Air France: les syndicats mandatent un cabinet d’experts sur la stratégie

PARIS, 19 novembre 2015 (AFP) – Les élus du comité central d’entreprise d’Air France ont voté jeudi « à l’unanimité » pour le lancement d’une expertise portant sur la stratégie de la compagnie en matière industrielle et d’emploi, a-t-on appris de sources syndicales.

La direction a également annoncé jeudi « 900 millions d’euros d’investissements en 2016 », a indiqué à l’AFP Jérôme Beaurain, délégué SUD.

La compagnie va notamment investir dans le numérique, la maintenance, la modernisation des cabines long-courrier, a précisé une source proche d’Air France.

L’expertise confiée au cabinet Secafi « a été votée à l’unanimité des élus » présents, dans le cadre de la procédure du droit d’alerte engagée en octobre, a indiqué à l’AFP Didier Fauverte, secrétaire (CGT) du CCE. L’information a été confirmée par la CFDT.

Faute d’accord avec les syndicats de navigants sur une nouvelle hausse de productivité, la direction a opté pour un « plan B » entraînant un millier de postes supprimés en 2016. Elle espère revenir en 2017 au plan initial de développement, « Perform 2020 », à condition de parvenir à un accord d’ici février.

Sur deux ans, la restructuration prévoit une réduction de 10% de l’offre long-courrier et la suppression de 3.000 postes, avec des licenciements probables.

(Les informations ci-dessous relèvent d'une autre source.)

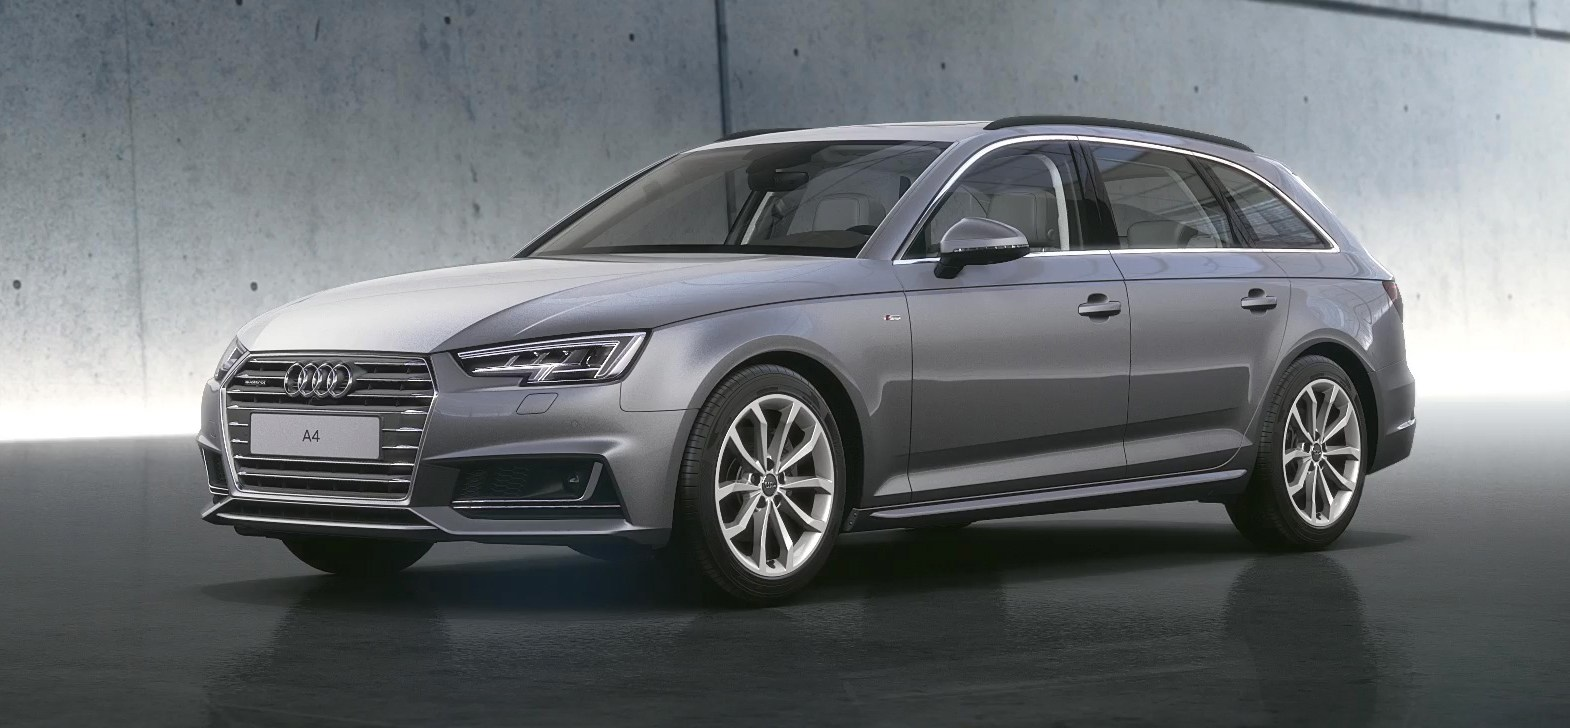 Noleggio a lungo termine: avere una Audi in garage…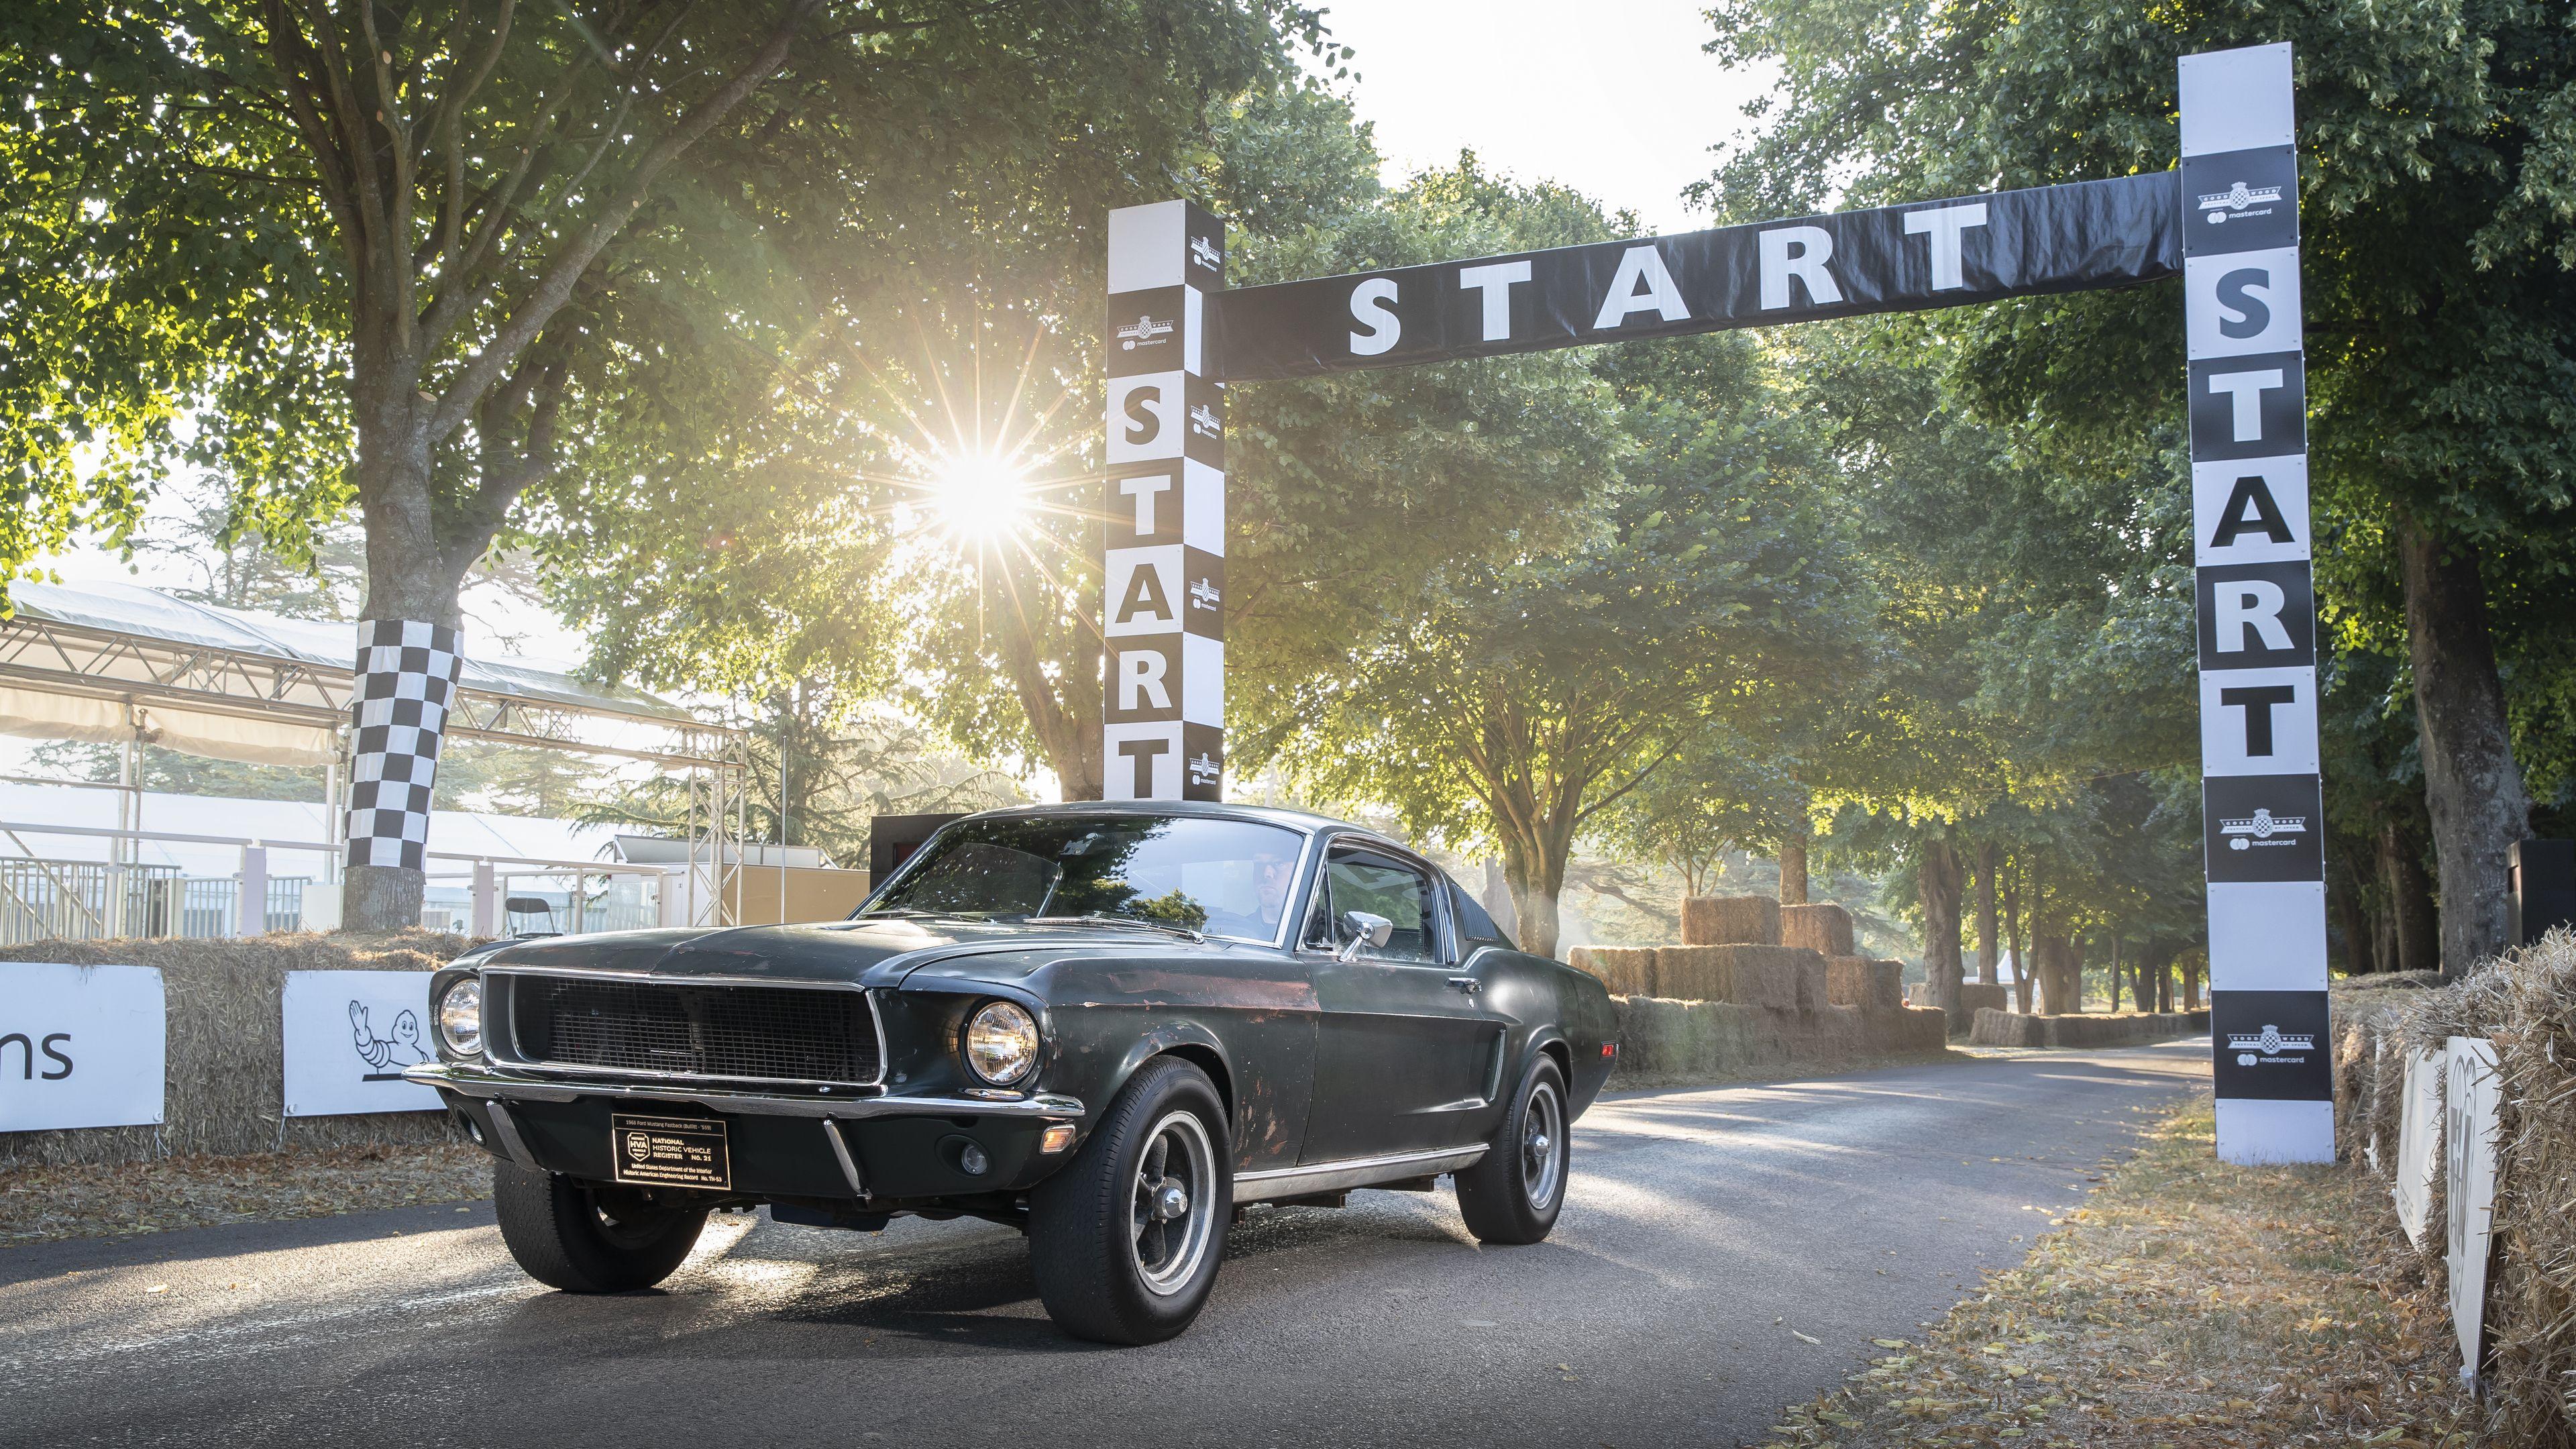 1968 Mustang Gt Fastback 4k Wallpaper Mustang Wallpapers Hd

L’expertise porte sur la mise en oeuvre de Perform, « selon la signature ou pas des accords » avec les syndicats, a résumé Didier Fauverte.

La direction sera amenée à préciser ses arguments pour chaque scénario (plan A et plan B), mais aussi ses « projets de réorganisation et de productivité », notamment dans les escales, ou encore l’évolution de la sous-traitance, a-t-il expliqué.

Le plan B « ne permettra pas d’apporter le renforcement de compétitivité dont Air France a besoin pour résister sereinement à la concurrence et pouvoir investir et se développer », au contraire, il va « renforcer la spirale de récession dans laquelle s’est engagée l’entreprise », redoutent les élus du CCE dans une délibération consultée par l’AFP.

Le rapport du cabinet d’experts sera transmis au « conseil d’administration à la session du mois de janvier », selon ce texte.

Le CCE se réunira à nouveau le 4 décembre, deux jours après le procès de cinq salariés d’Air France suspectés d’avoir commis des violences début octobre au siège de la compagnie. Quatre d’entre eux ont déjà été licenciés pour « faute lourde ».

Une journée de mobilisation, prévue initialement jeudi, a été annulée en raison des attentats de Paris et Saint-Denis. La CGT et FO notamment ont maintenu des appels à la grève au sol, sans entraîner de perturbations.